In my day, I was a less than cultured, somewhat old-fashioned centre-back. I pulled shirts, kicked ankles, stood on toes, made the first tackle count etc. Inevitably, and deservedly, I got plenty of physical stick back. That sort of stuff does 'stay on the pitch'. I always shook hands at the end, and was never refused. When the whistle blew, all was done and dusted.
But the idea that Blatter should consider the trading of racist insults in the same way as the physical rough and tumble of the game is abhorrent and stupid beyond words.
Racism is not 'part of the game', or any other aspect of life for that matter, and giving even a hint that such behaviour is acceptable will only worsen a problem which, for all the dogged work of football's anti-racism campaigns, remains all too prevalent in some places.

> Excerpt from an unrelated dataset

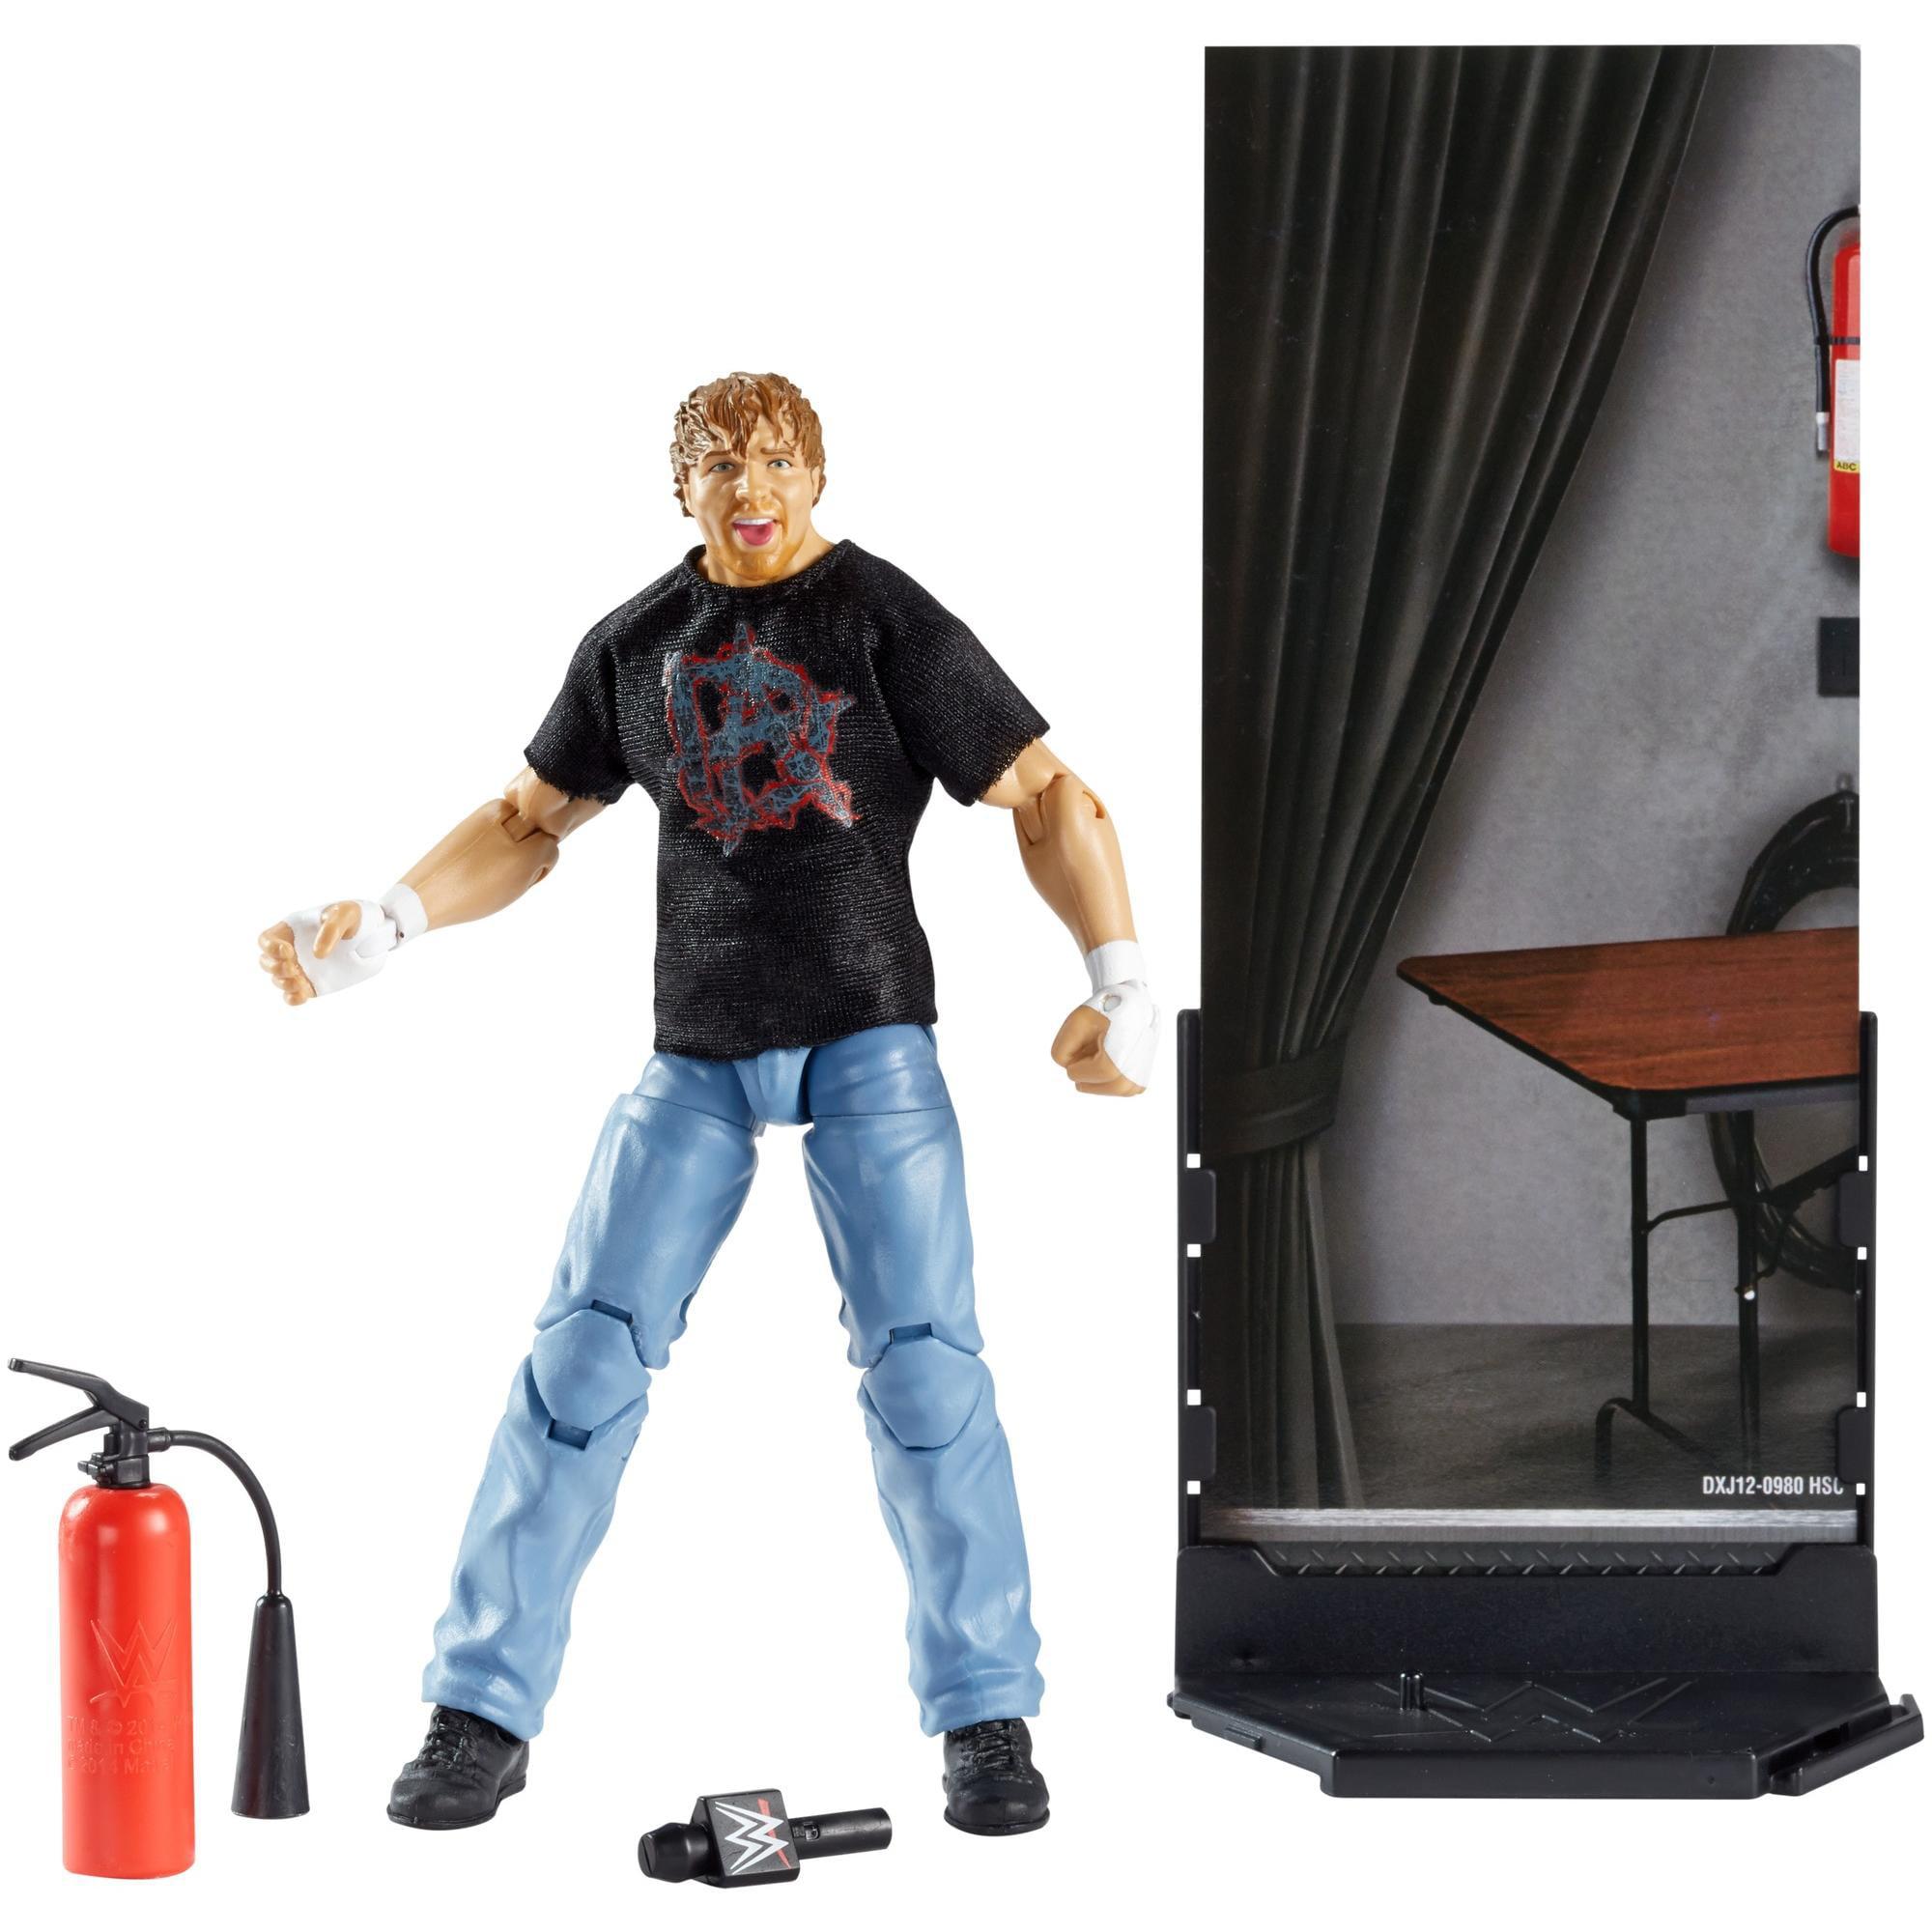 WWE Elite Collection Dean Ambrose Action Figure by Mattel

Most importantly, what message is Blatter sending to spectators?
Do they argue: 'Yeah, we were hurling abuse, but we wouldn't do it outside the ground. We'd shake his hand. All part of the game. Didn't you hear the FIFA president say so?'
Some may be tempted to view Blatter as a buffoon. A man whose foot is never far from his mouth, and whose views are safely ignored.
But the fact is that he is the bureaucrat in charge of the biggest, best loved and most powerful sport in the world.
His demented ravings have the capacity to do great harm and should not be casually dismissed. Rather, the man himself should be removed from office - and fast.